In 2011, Garcia-Falset et al.  introduced a new condition on single-valued mappings, called condition (E), which is weaker than nonexpansiveness. Later, Abkar and Eslamian  used a modified condition for multi-valued mappings as follows.

### Definition 1.4

A multi-valued mapping $$T:D\to CB(D)$$ is said to satisfy condition ($$E_{\mu}$$) where $$\mu\geq0$$ if for each $$x,y\in D$$,

$$\operatorname{dist}(x,Ty)\leq\mu\operatorname{dist}(x,Tx)+\|x-y\|.$$

We say that T satisfies condition (E) whenever T satisfies ($$E_{\mu}$$) for some $$\mu\geq1$$.

### Remark 1.5

From the above definitions, it is clear that if T is nonexpansive, then T satisfies the condition ($$E_{1}$$).

In 2011, Sokhuma and Kaewkhao  introduced the following iterative process for approximating a common fixed point of a pair of a nonexpansive single-valued mapping t and a nonexpansive multi-valued mapping T:

\begin{aligned} \left \{ \begin{array}{@{}l} y_{n} = (1-\alpha_{n})x_{n} + \alpha_{n} z_{n},\\ x_{n+1} = (1-\beta_{n})x_{n} + \beta_{n} ty_{n},\quad n\in\mathbb{N}, \end{array} \right . \end{aligned}
(1.1)

where $$x_{1}\in D$$, $$z_{n}\in Tx_{n}$$, and $$0< a\leq\alpha_{n},\beta_{n}\leq b<1$$. They also proved a strong convergence theorem for the iterative process (1.1) in uniformly convex Banach spaces.

In 2013, Eslamian  extended the results of [11, 13] in uniformly convex Banach spaces.

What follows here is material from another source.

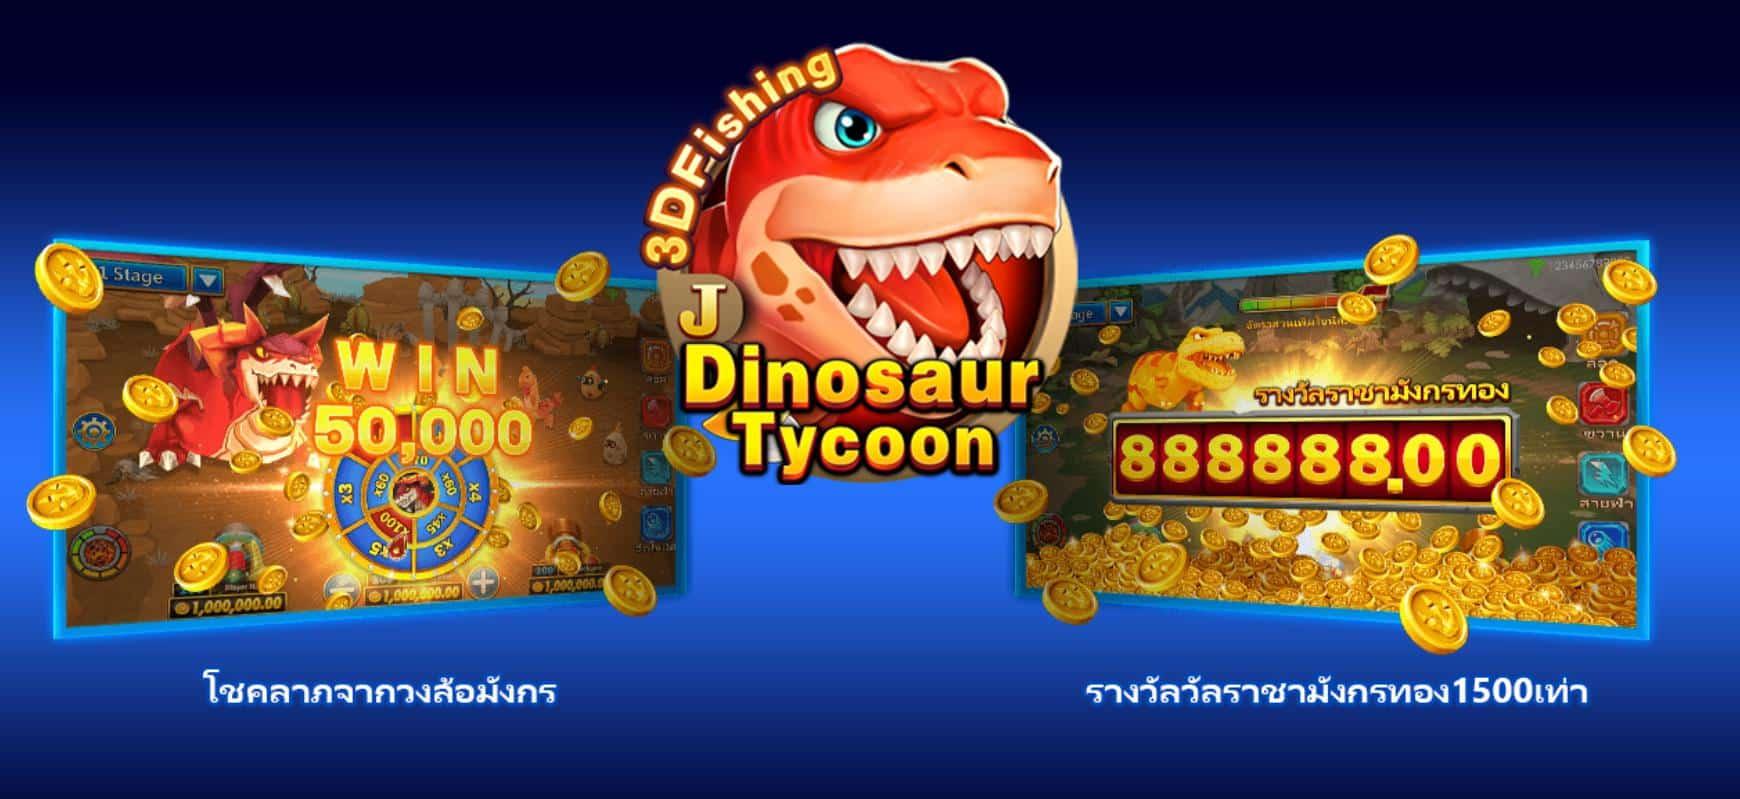 Dinosaur Tycoon เกมยิงไดโนเสาร์

He used the following iterative process for a pair of a finite family of asymptotically nonexpansive single-valued mappings $$\{t_{i}\}_{i=1}^{N}$$ and a finite family of quasi-nonexpansive multi-valued mapping $$\{T_{i}\}_{i=1}^{N}$$:

\begin{aligned} \left \{ \textstyle\begin{array}{@{}l} y_{n} = \beta_{n}^{(0)} x_{n} + \sum_{i=1}^{N}\beta_{n}^{(i)} z_{n}^{(i)}, \\ x_{n+1} = \alpha_{n}^{(0)} x_{n} + \sum_{i=1}^{N}\alpha_{n}^{(i)}t_{i}^{n}y_{n},\quad n\in\mathbb{N}, \end{array} \right . \end{aligned}
(1.2)

where $$x_{1}\in D$$, $$z_{n}^{(i)}\in T_{i}x_{n}$$, and $$\{\alpha_{n}^{(i)}\}$$, $$\{\beta_{n}^{(i)}\}$$ are sequences in $$[0,1]$$ for all $$i=1,2,\ldots,N$$ such that $$\sum_{i=0}^{N}\alpha_{n}^{(i)}=\sum_{i=0}^{N}\beta_{n}^{(i)}=1$$.

In this paper, motivated by the above results, we propose an iterative process for approximating a common fixed point of a pair of a finite family of generalized asymptotically nonexpansive single-valued mappings and a finite family of quasi-nonexpansive multi-valued mappings and prove weak and strong convergence theorems of the proposed iterative process in Banach spaces.

## Preliminaries

A Banach space X is called uniformly convex if for each $$\varepsilon>0$$ there is a $$\delta>0$$ such that for $$x,y \in X$$ with $$\Vert x \Vert \leq1$$, $$\Vert y \Vert \leq1$$, and $$\Vert x - y \Vert \geq\varepsilon$$, $$\Vert x + y \Vert \leq2(1-\delta)$$ holds. The following result was proved by Xu .

### Proposition 2.1

Let X be a uniformly convex Banach space and let $$r > 0$$. Then there exists a strictly increasing, continuous, and convex function $$g: [0,\infty) \to[0,\infty)$$ with $$g(0)=0$$ such that

$$\bigl\| \lambda x + (1-\lambda)y\bigr\| ^{2}\leq\lambda\|x\|^{2} + (1- \lambda)\|y\|^{2}-\lambda(1-\lambda)g\bigl(\|x-y\|\bigr)$$

for all $$x,y\in B_{r}=\{z\in X:\|z\|\leq r\}$$ and $$\lambda\in[0,1]$$.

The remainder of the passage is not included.